Task material –
- Opening Delimiter -

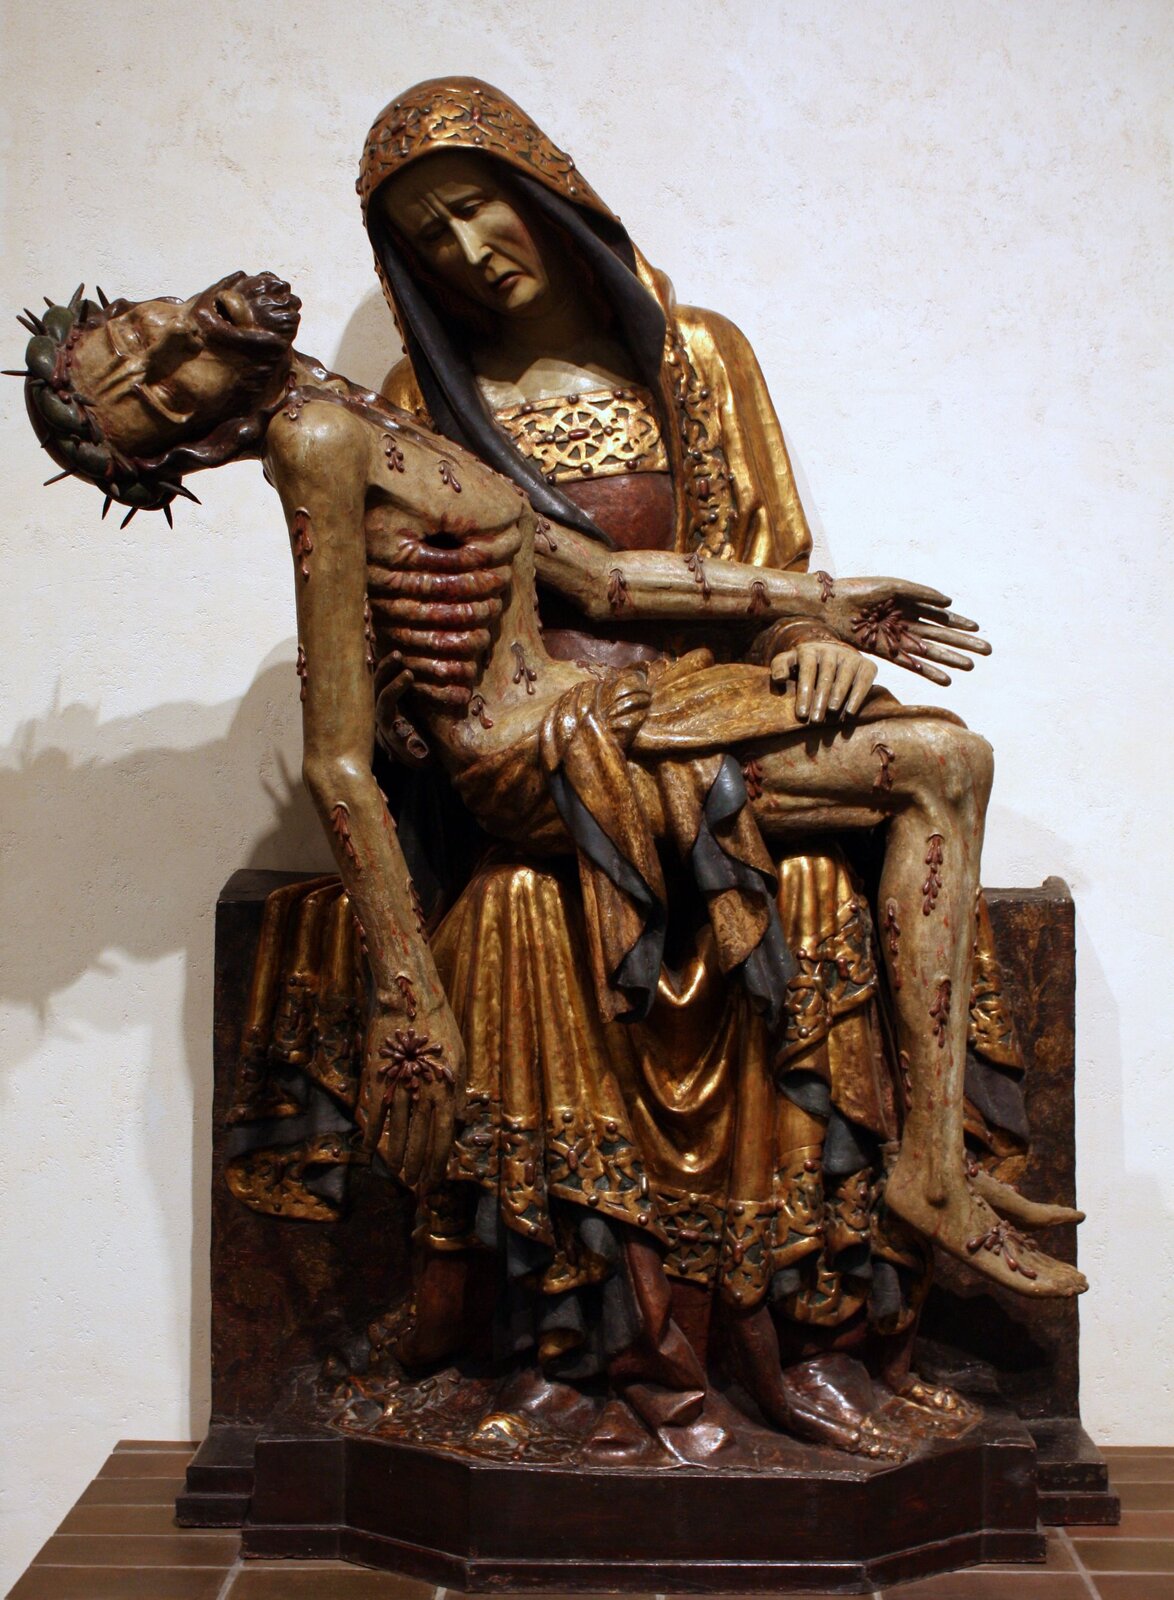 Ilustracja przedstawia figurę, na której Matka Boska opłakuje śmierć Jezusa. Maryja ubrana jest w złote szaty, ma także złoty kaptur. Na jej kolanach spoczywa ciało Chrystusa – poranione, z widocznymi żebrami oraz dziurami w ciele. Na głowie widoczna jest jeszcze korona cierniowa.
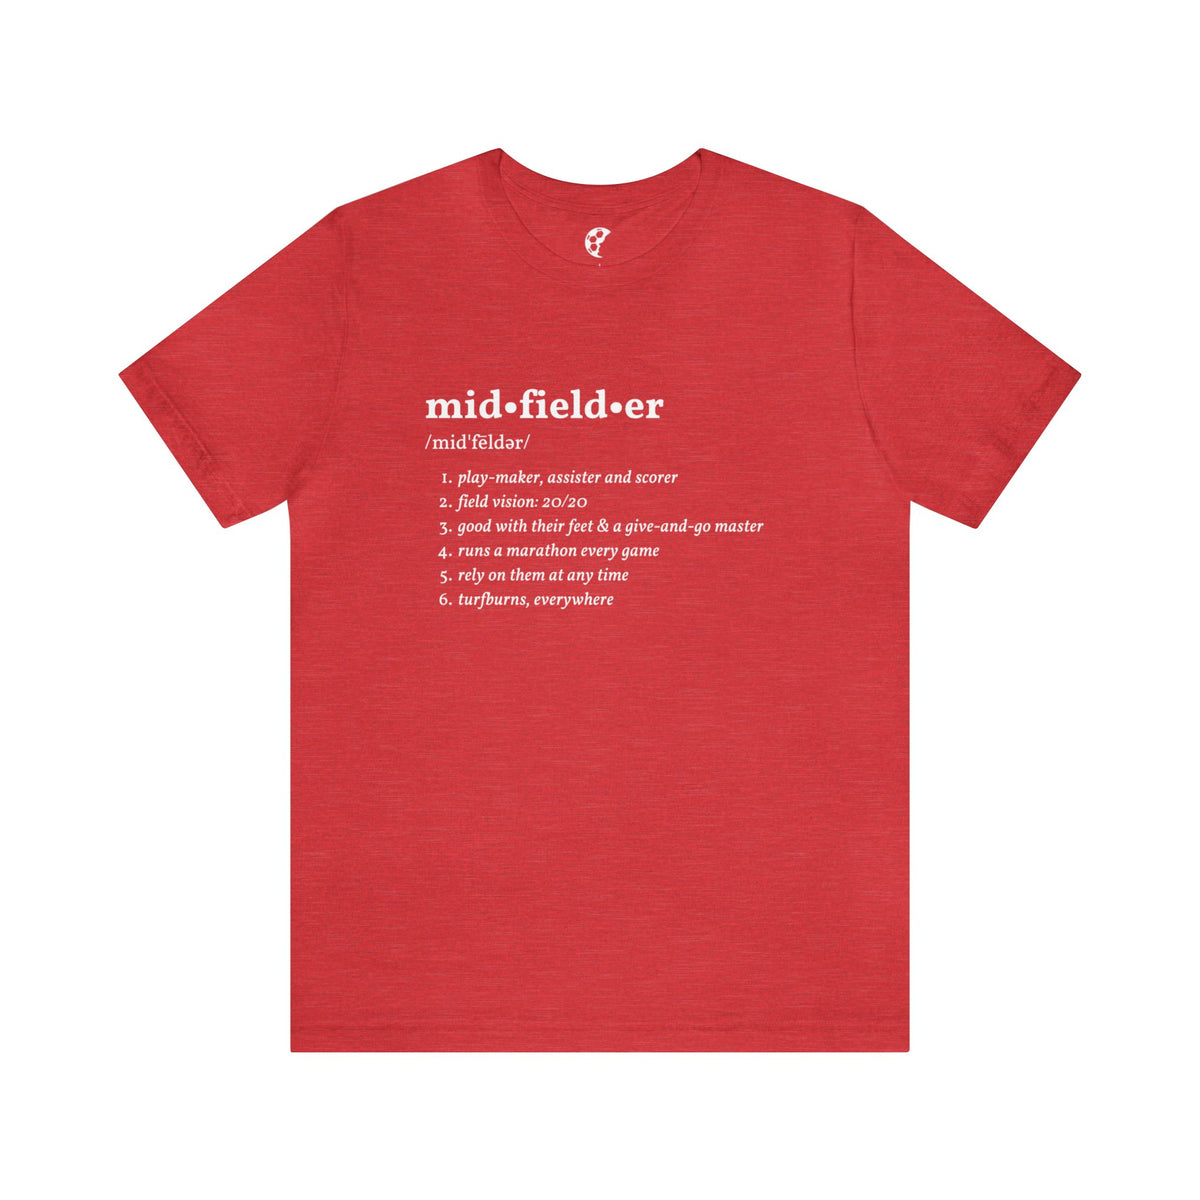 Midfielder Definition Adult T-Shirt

- Closing Delimiter -
- Opening Delimiter -

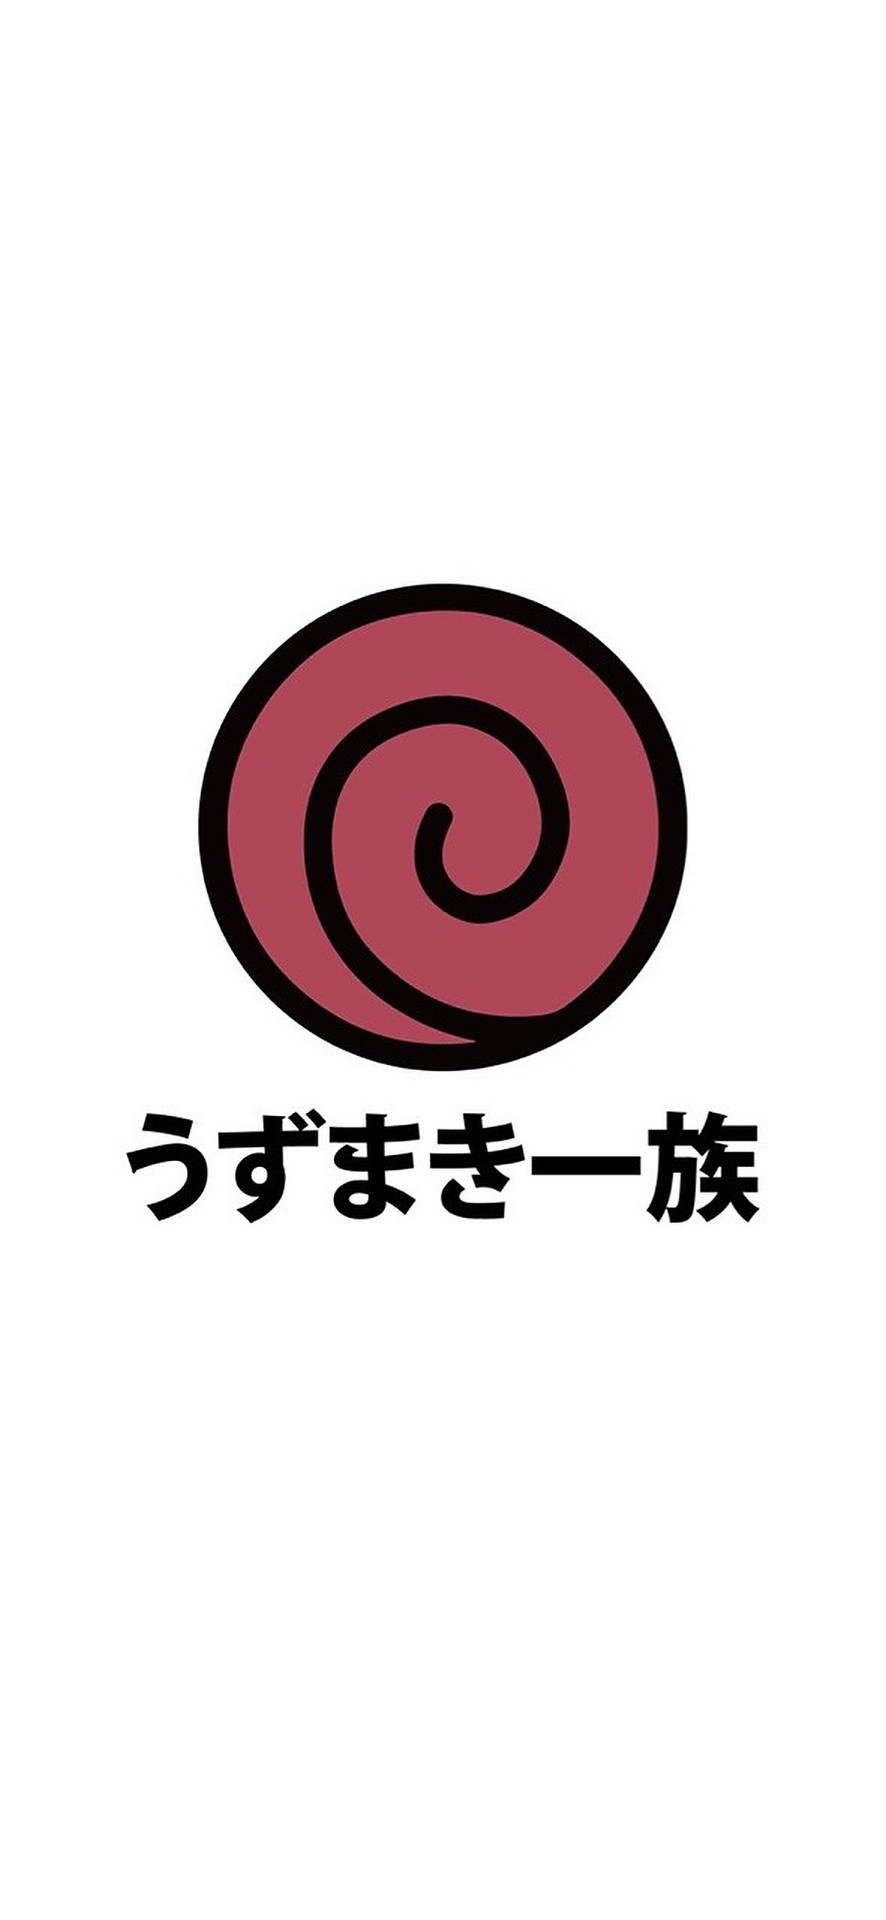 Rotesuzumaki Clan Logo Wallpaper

- Closing Delimiter -

Above are some records; quote exactly and only the lines that begin at the line containing "Ilustracja przedstawia figurę, na" and stop after the line containing "Midfielder Definition Adult T-Shirt", leaving out the pictures.

 Ilustracja przedstawia figurę, na której Matka Boska opłakuje śmierć Jezusa. Maryja ubrana jest w złote szaty, ma także złoty kaptur. Na jej kolanach spoczywa ciało Chrystusa – poranione, z widocznymi żebrami oraz dziurami w ciele. Na głowie widoczna jest jeszcze korona cierniowa.
 Midfielder Definition Adult T-Shirt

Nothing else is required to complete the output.